Silase adalah pakan yang telah
diawetkan yang diproduksi atau dibuat dari tanaman yang dicacah, pakan hijauan,
limbah dari industri pertanian dan lain-lain dengan kandungan air pada tingkat
tertentu (60-80%) yang disimpan dalam sebuah silo atau dalam suasana silo yang
kedap udara.Menurut (Salim, 2002), Proses
silase pengawetan hijauan pakan segar dalam kondisi anaerob dengan pembentukan
atau penambahan asam, asam yang terbentuk yaitu asam-asam organik antara lain
laktat, asetat, dan butirat sebagai hasil fermentasi karbohidrat terlarut oleh
bakteri sehingga mengakibatkan terjadinya penurunan derajat keasaman (pH).
Menurut (Purbowati, 2007),Pakan
komplit merupakan pakan yang mengandung nutrien yang cukup dalam memenuhi
kebutuhan ternak pada berbagai tingkat fisiologis tertentu yang dibentuk dan
diberikan sebagai satu-satunya pakan yang mampu memenuhi kebutuhan hidup pokok
dan produksi tanpa tambahan substansi lain kecuali air. Semua bahan pakan
tersebut, baik hijauan (pakan kasar) maupun konsentrat dicampur menjadi satu.
Pembuatan pakan komplit berbahan limbah pertanian dan limbah industri pertanian
merupakan salah satu alternatif pemecahan masalah ketidakontinyuan penyediaan
bahan pakan untuk ruminansia.
Menurut
Stefani (2010), dengan turunnya nilai
pH, maka pertumbuhan mikroorganisme pembusuk akan terhambat. Silase dengan mutu
baik diperoleh dengan menekan berbagai aktivitas enzim yang tidak dikehendaki,
serta mendorong berkembangnya bakteri asam laktat yang sudah ada pada bahan.
Agar bakteri asam laktat dapat berkembang dengan baik pada proses ensilase maka
diperlukan penambahan inokulan, salah satunya adalah Effective
microorganisme (EM-4). Menurut Riswandi
(2010), penambahan (EM-4) 8% dan urea 0,8% pada limbah tebu pada proses fermentasi dapat
menghasilkan kecernaan yang terbaik. Penelitian ini bertujuan untuk mengetahui
kualitas nutrisi silase daun tebu yang di tambahkan EM-4
2.3. Molases
Molases adalah
hasil samping yang berasal dari pembuatan gula tebu (Saccharum officinarum L).

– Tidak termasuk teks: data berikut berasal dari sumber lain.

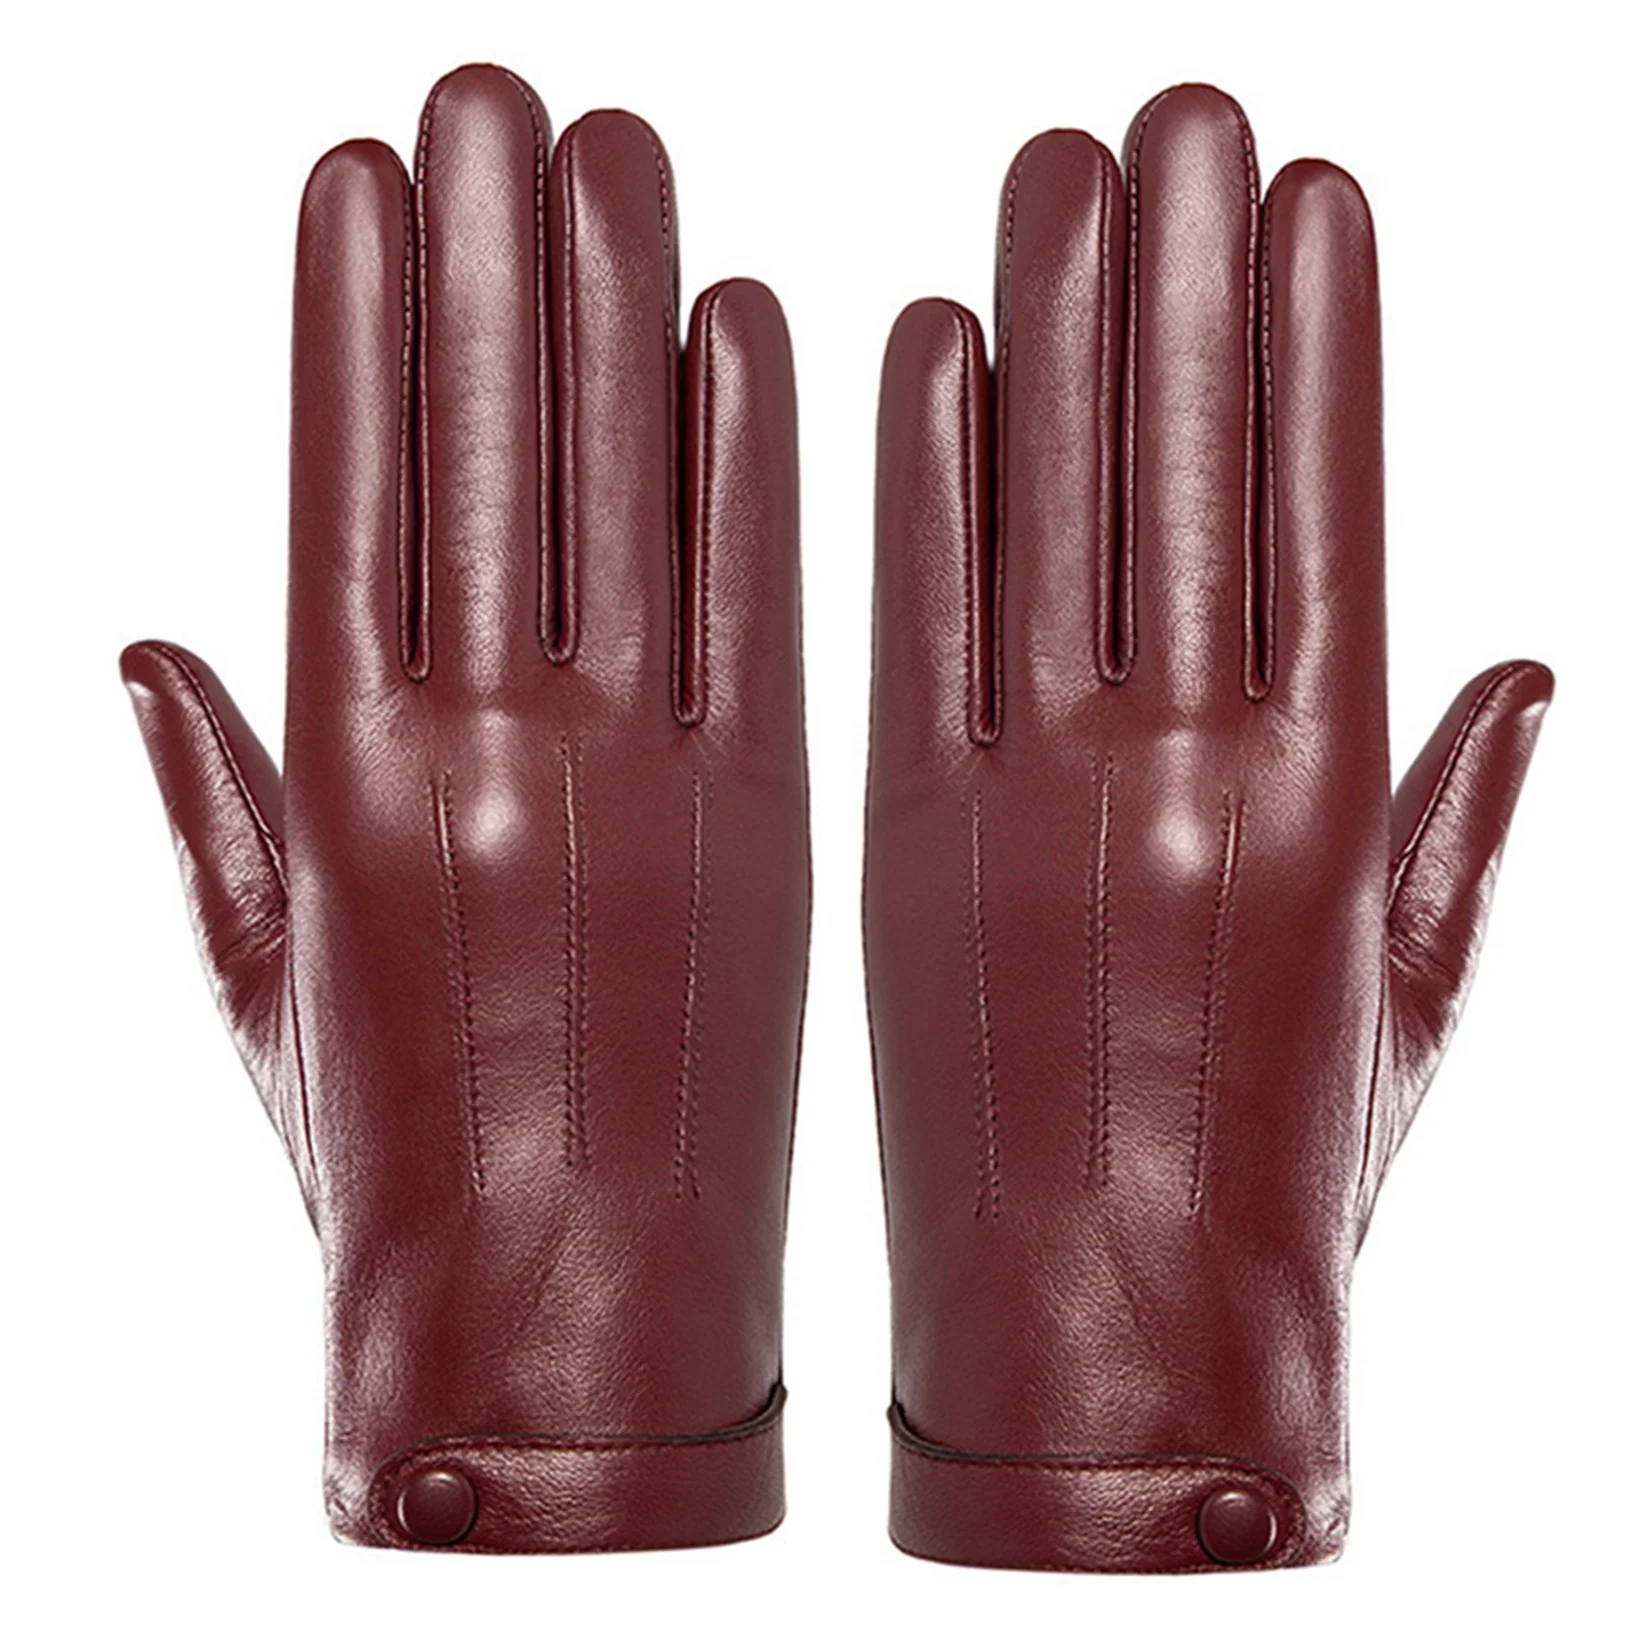 

Women Windproof Leather Gloves with Touchscreen Texting Fingers Fleece Lined Warm Driving Motorcycle Genuine Cycling Gloves

Molases berupa cairan kental dan diperoleh dari tahap pemisahan kristal gula.
Molases tidak dapat lagi dibentuk menjadi sukrosa namun masih mengandung gula
dengan kadar tinggi 50-60%, asam amino dan mineral. Molases kaya akan biotin,
asam pantotenat, tiamin, fosfor, dan sulfur. Selain itu juga mengandung gula
yang terdiri dari sukrosa 30-40%, glukosa 4-9%, dan fruktosa 5-12%. Tetes tebu
digunakan secara luas sebagai sumber karbon untuk denitrifikasi, fermentasi anaerobik,
pengolahan limbah aerobik, dan diaplikasikan pada budidaya perairan.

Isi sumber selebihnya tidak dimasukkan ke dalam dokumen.